The Rust language currently has two orthogonal mechanisms for allowing
libraries to interact directly with the compiler and vice versa:
- intrinsics, functions built directly into the compiler providing
very basic low-level functionality,
- lang-items, special functions, types and traits in libraries marked
with specific `#[lang]` attributes
## Intrinsics
These are imported as if they were FFI functions, with the special
`rust-intrinsic` ABI. For example, if one was in a freestanding
context, but wished to be able to `transmute` between types, and
perform efficient pointer arithmetic, one would import those functions
via a declaration like
```
extern "rust-intrinsic" {
fn transmute<T, U>(x: T) -> U;
fn offset<T>(dst: *T, offset: int) -> *T;
}
```
As with any other FFI functions, these are always `unsafe` to call.
## Lang items
The `rustc` compiler has certain pluggable operations, that is,
functionality that isn't hard-coded into the language, but is
implemented in libraries, with a special marker to tell the compiler
it exists. The marker is the attribute `#[lang="..."]` and there are
various different values of `...`, i.e. various different "lang
items".
For example, `~` pointers require two lang items, one for allocation
and one for deallocation. A freestanding program that uses the `~`
sugar for dynamic allocations via `malloc` and `free`:
```ignore
# // FIXME #12903: linking failures due to no_std
#[no_std];
#[allow(ctypes)] // `uint` == `size_t` on Rust's platforms
extern {
fn malloc(size: uint) -> *mut u8;
fn free(ptr: *mut u8);
fn abort() -> !;
}
#[no_mangle] pub extern fn rust_stack_exhausted() {
unsafe { abort() }
}
#[lang="exchange_malloc"]
unsafe fn allocate(size: uint) -> *mut u8 {
let p = malloc(size);
// malloc failed
if p as uint == 0 {
abort();
}
p
}
#[lang="exchange_free"]
unsafe fn deallocate(ptr: *mut u8) {
free(ptr)
}
#[start]
fn main(_argc: int, _argv: **u8) -> int {
let _x = ~1;
0
}
# // fn main() {} tricked you, rustdoc!
```
Note the use of `abort`: the `exchange_malloc` lang item is assumed to
return a valid pointer, and so needs to do the check
internally.
Other features provided by lang items include:
- overloadable operators via traits: the traits corresponding to the
`==`, `<`, dereferencing (`*`) and `+` (etc.) operators are all
marked with lang items; those specific four are `eq`, `ord`,
`deref`, and `add` respectively.
- stack unwinding and general failure; the `eh_personality`, `fail_`
and `fail_bounds_checks` lang items.
- the traits in `std::kinds` used to indicate types that satisfy
various kinds; lang items `send`, `share` and `copy`.

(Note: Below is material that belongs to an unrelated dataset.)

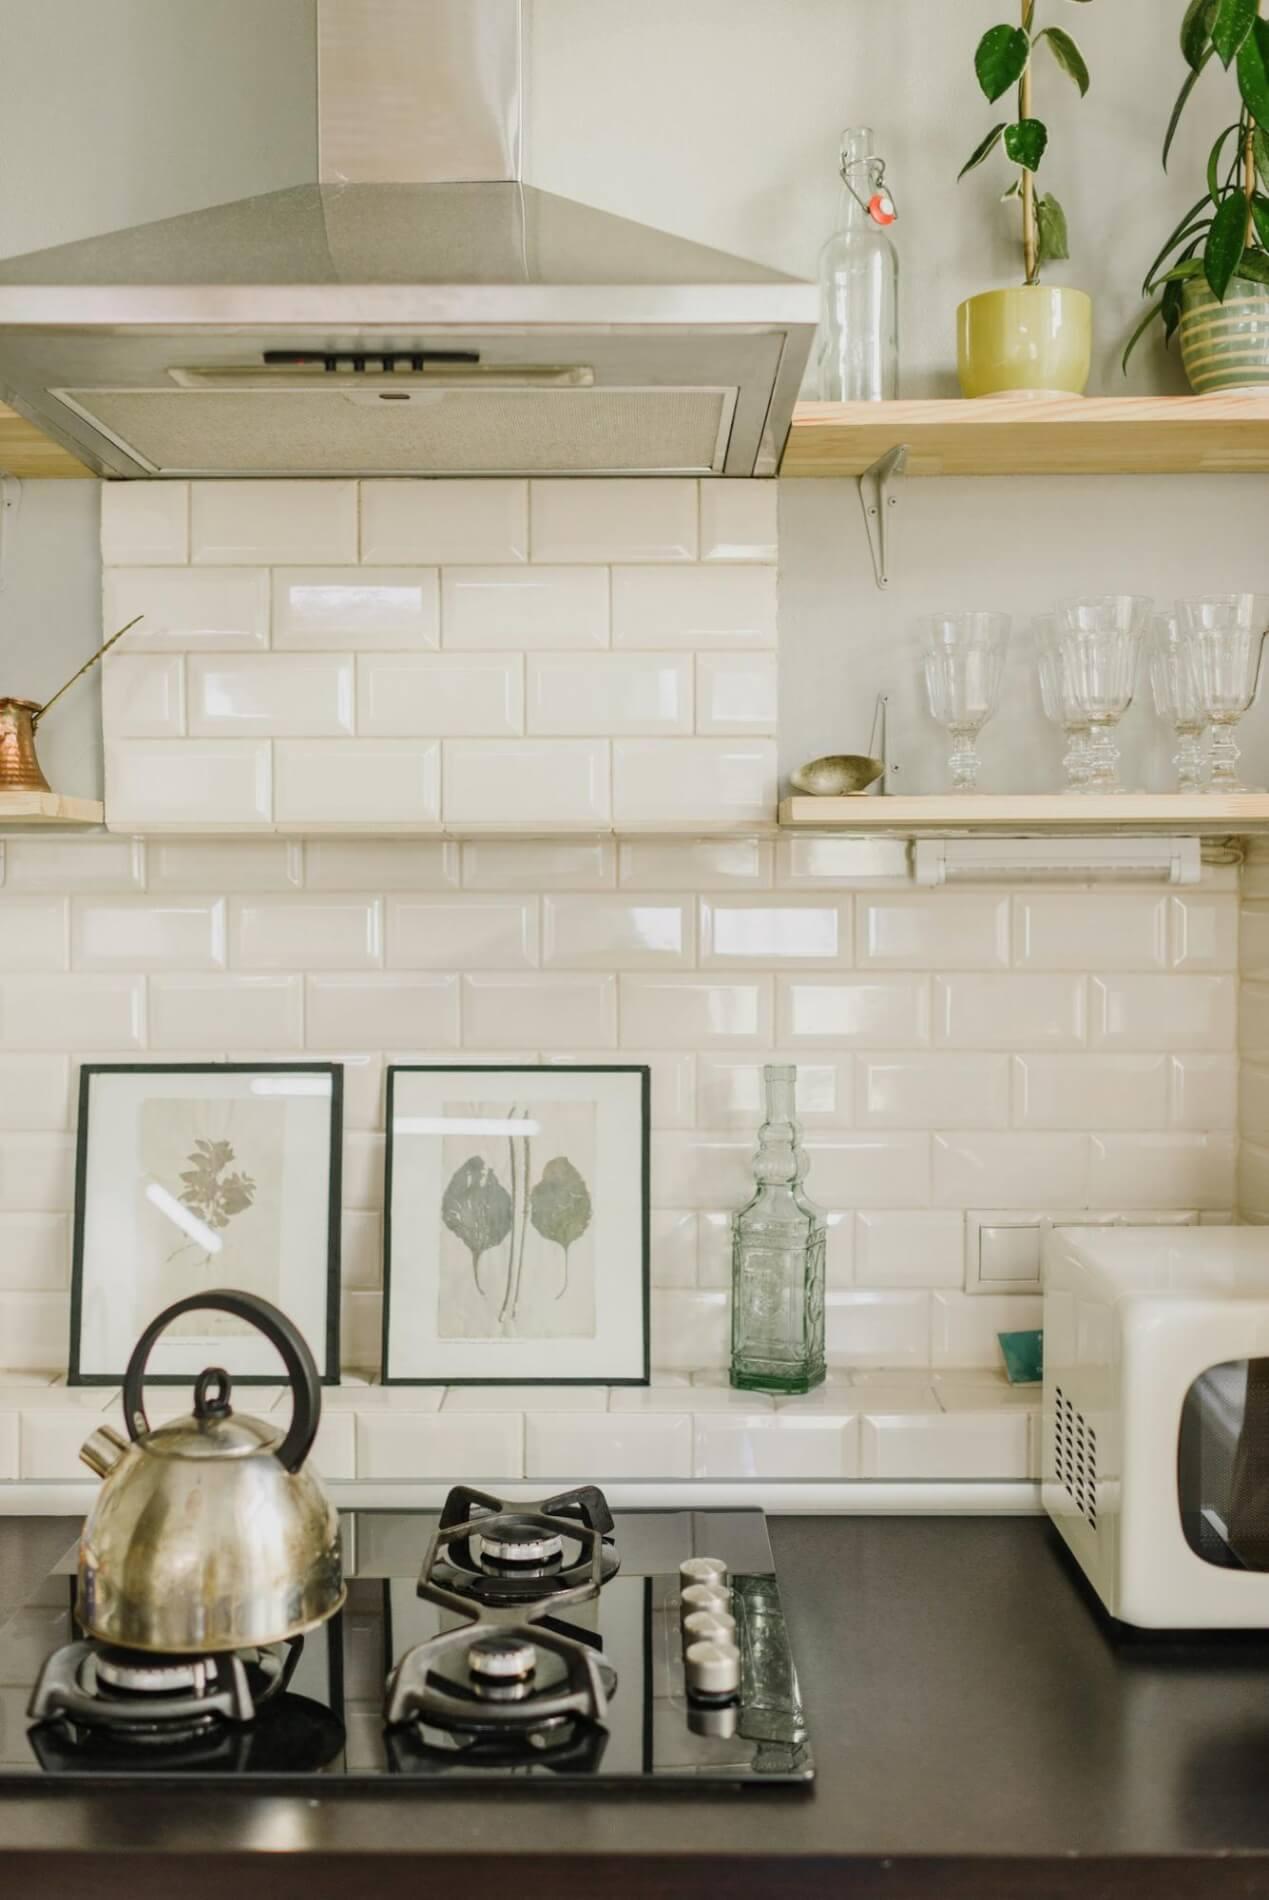 Solid countertop with tile backsplash
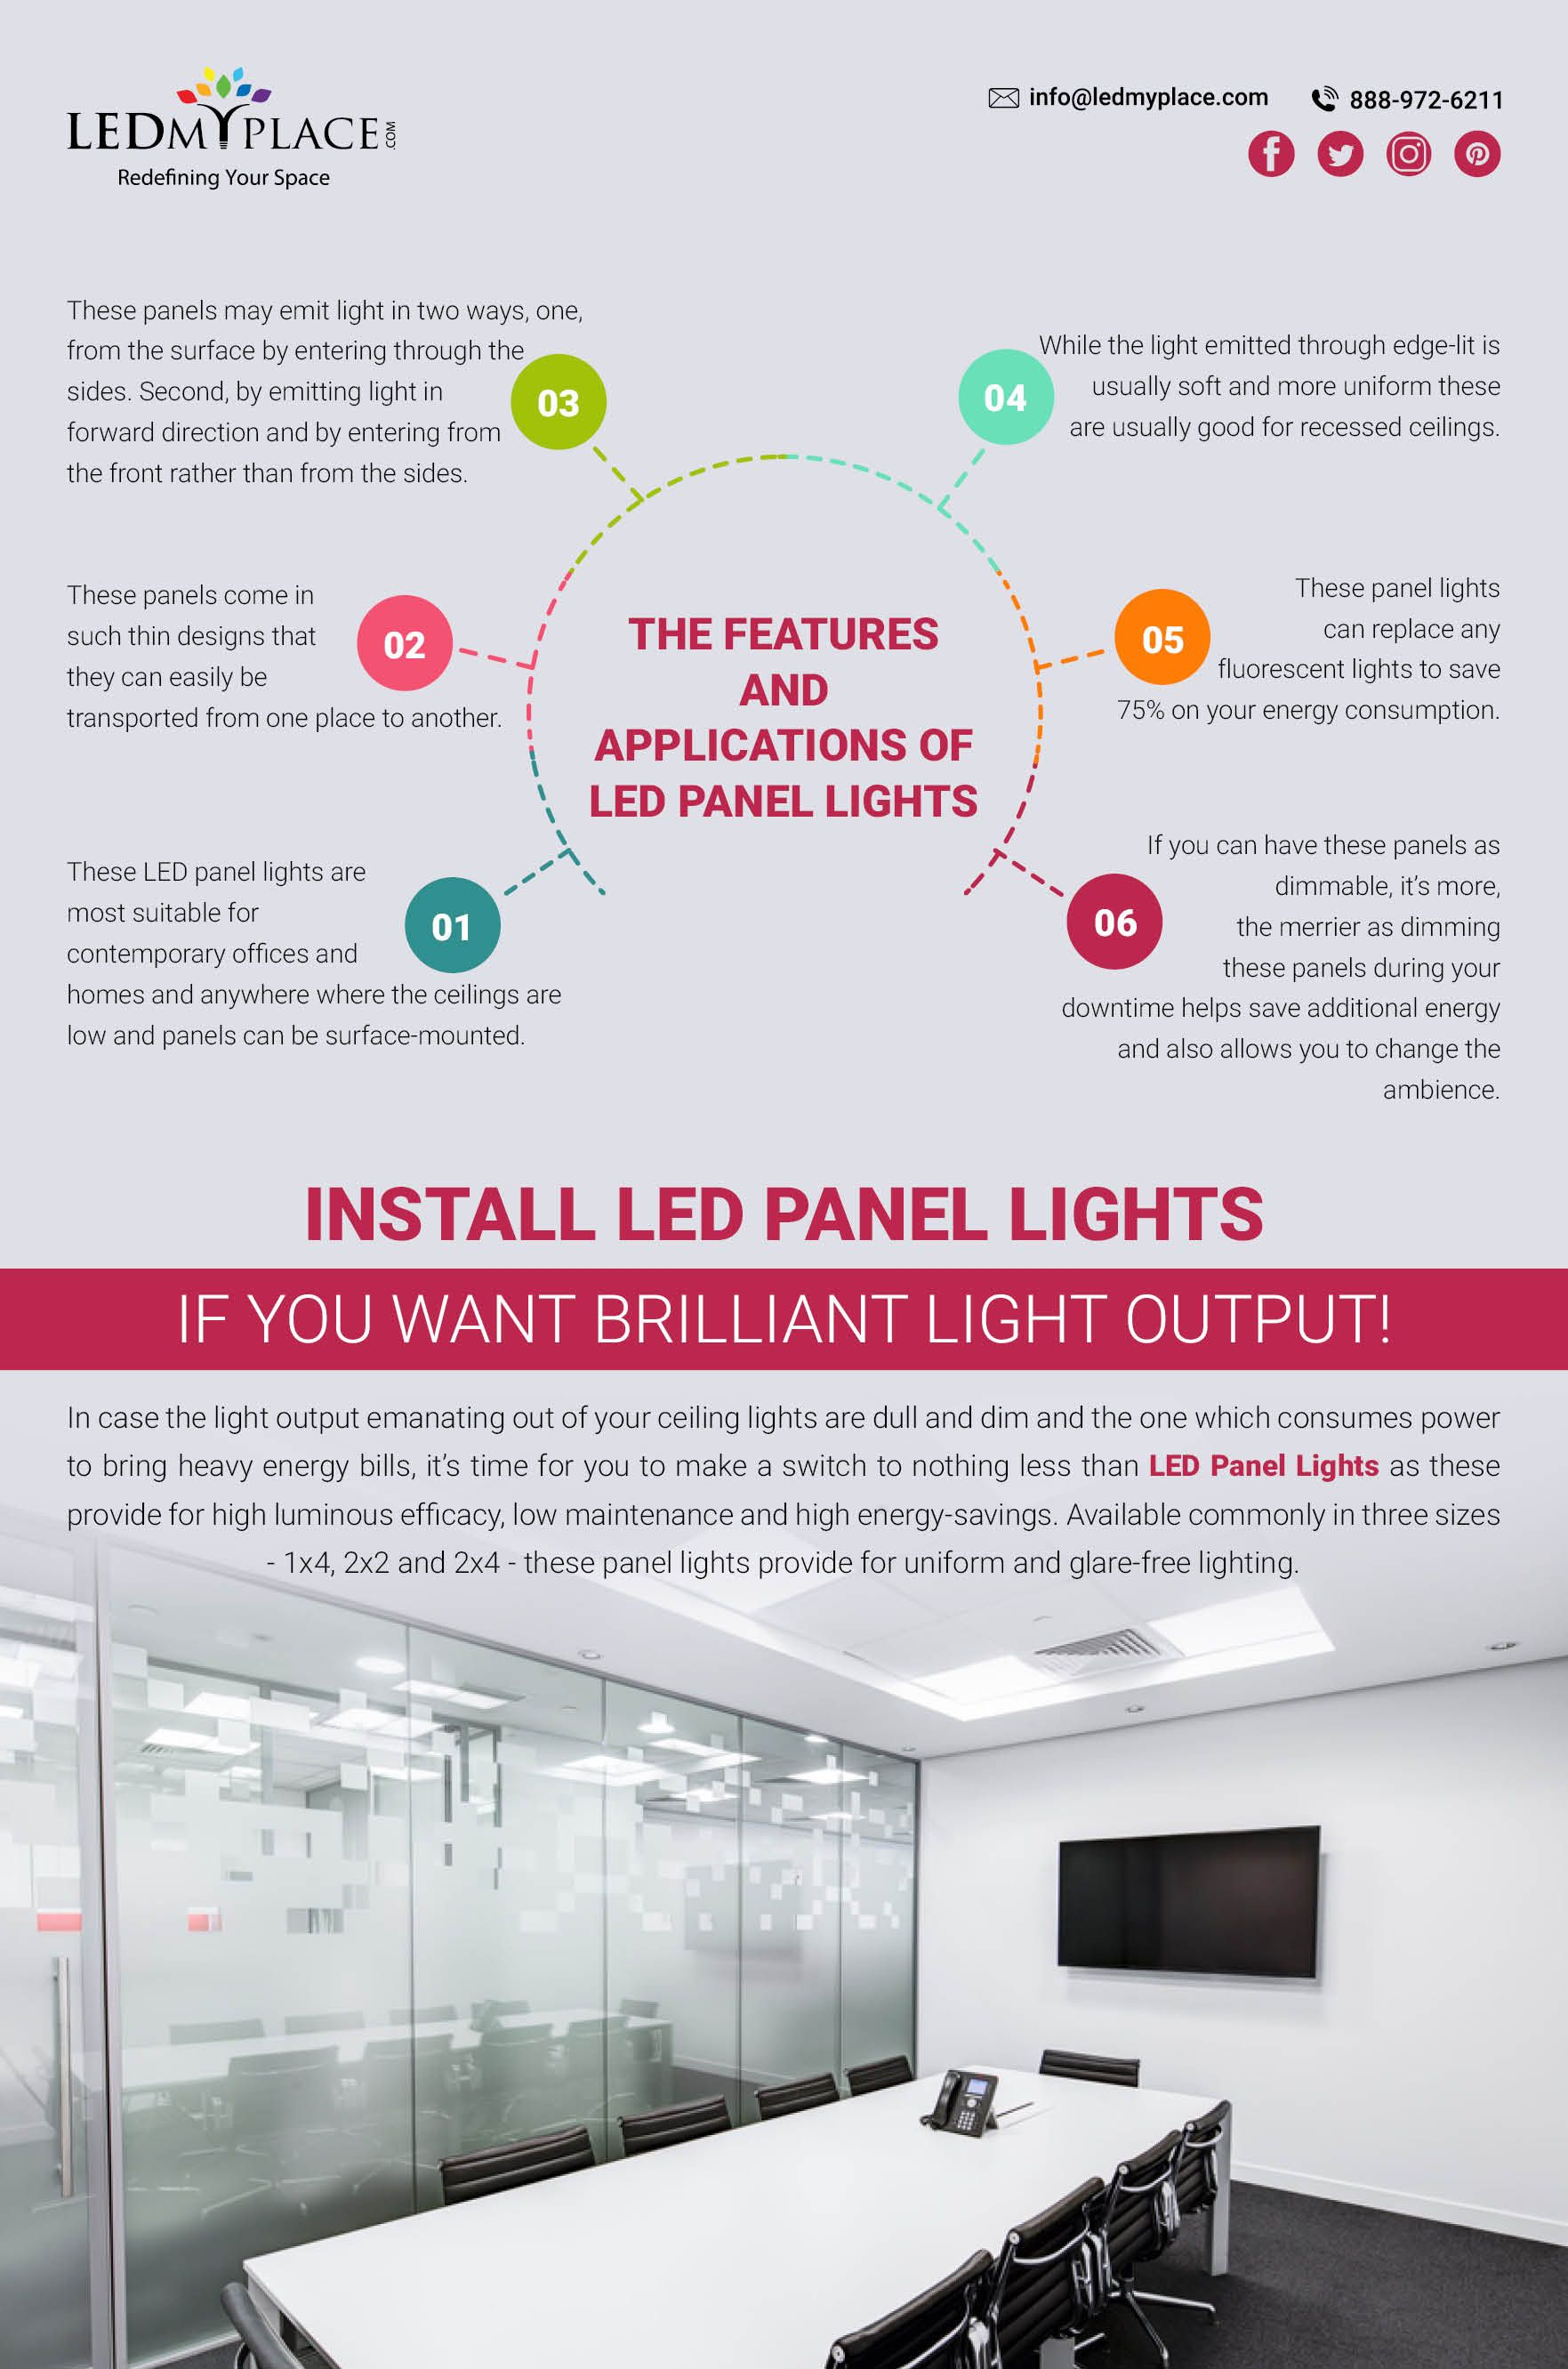 Led Panel Lights Led Panel Led Panel Light Led Indoor Lighting

- the marker types and variance indicators found in
`std::kinds::markers`; lang items `covariant_type`,
`contravariant_lifetime`, `no_share_bound`, etc.
Lang items are loaded lazily by the compiler; e.g. if one never uses
`~` then there is no need to define functions for `exchange_malloc`
and `exchange_free`. `rustc` will emit an error when an item is needed
but not found in the current crate or any that it depends on.